On Friday, 22 August 2014 at 20:02:41 UTC, Sönke Ludwig wrote:
Am 22.08.2014 21:48, schrieb Christian Manning:
On Friday, 22 August 2014 at 17:45:03 UTC, Sönke Ludwig wrote:
Am 22.08.2014 19:27, schrieb "Marc Schütz"
<schue...@gmx.net>":
On Friday, 22 August 2014 at 16:56:26 UTC, Sönke Ludwig
wrote:
Am 22.08.2014 18:31, schrieb Christian Manning:
It would be nice to have integers treated separately to
doubles. I
know
it makes the number parsing simpler to just treat
everything as
double,
but still, it could be annoying when you expect an integer
type.
That's how I've done it for vibe.data.json, too. For the new
implementation, I've just used the number parsing routine
from
Andrei's std.jgrandson module. Does anybody have
reservations about
representing integers as "long" instead?
It should automatically fall back to double on overflow.
Maybe even use
BigInt if applicable?
I guess BigInt + exponent would be the only lossless way to
represent
any JSON number.

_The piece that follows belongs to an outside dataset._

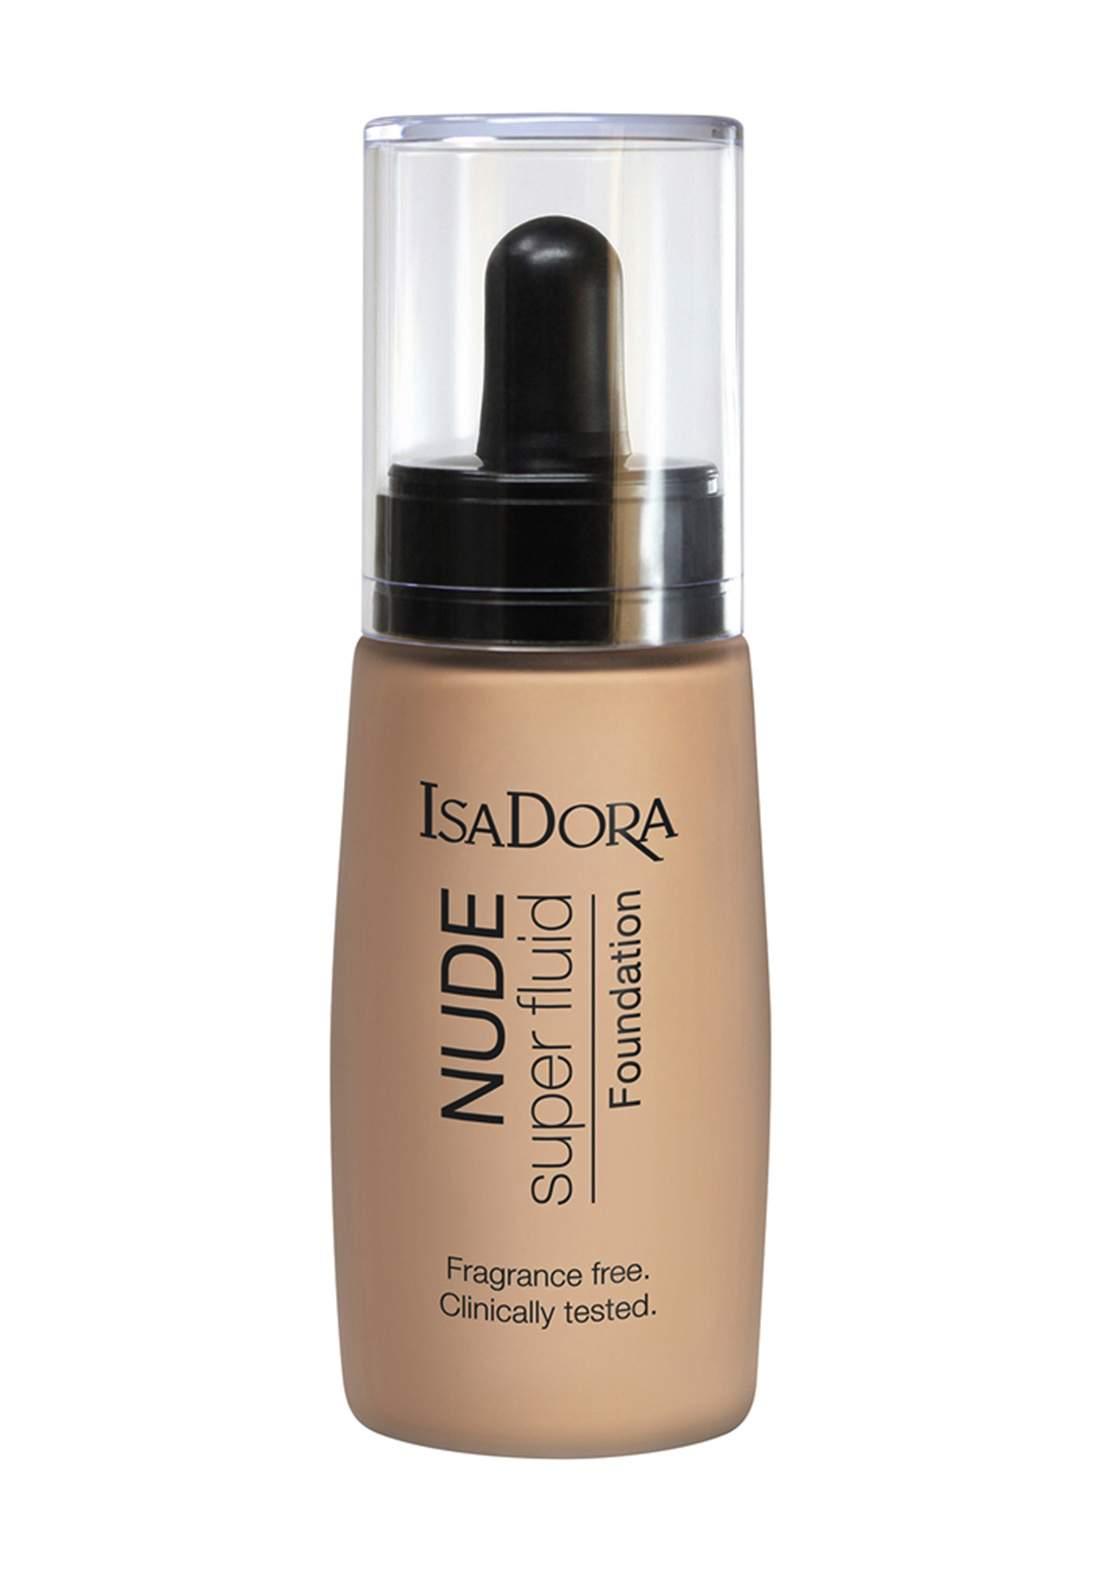 IsaDora 314295 Nude Super Fluid Foundation - Nude Beige 30 ML كريم اساس
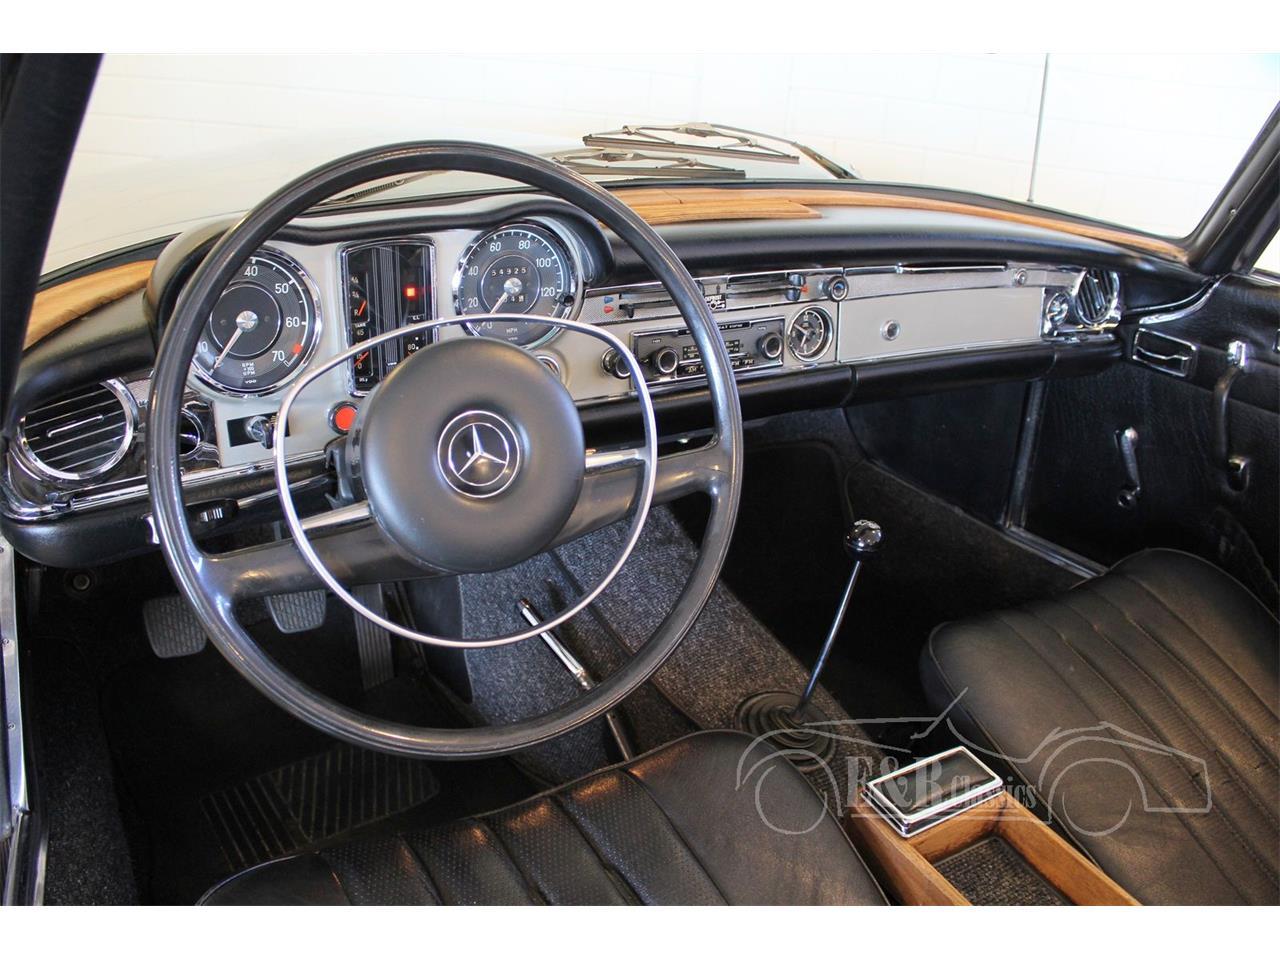 Large Picture of Classic '69 Mercedes-Benz 280SL - $104,800.00 - MU5M

That could then be converted to any desired
smaller
type as required.
But checking for overflow during number parsing would
definitely have
an impact on parsing speed, as well as using a BigInt of
course, so
the question is how we want set up the trade off here (or if
there is
another way that is overhead-free).
You could check for a decimal point and a 0 at the front
(excluding
possible - sign), either would indicate a double, making the
reasonable
assumption that anything else will fit in a long.
Yes, no decimal point + no exponent would work without overhead
to detect integers, but that wouldn't solve the proposed
automatic long->double overflow, which is what I meant. My
current idea is to default to double and optionally support any
of long, BigInt and "Decimal" (BigInt+exponent), where integer
overflow only works for long->BigInt.
It might be the right choice anyway (seeing as json/js do
overflow to double), but fwiw it's still atrocious.
double a = long.max;
assert(iota(1, 1000000).map!(d => (a+d)-a).until!"a !=
0".walkLength == 1024);
Yuk.
Floating point numbers and integers are so completely different
in behaviour that it's just dishonest to transparently switch
between the two. This especially the case for overflow from long
-> double, where by definition you're 10 bits past being able to
reliably accurately represent the integer in question.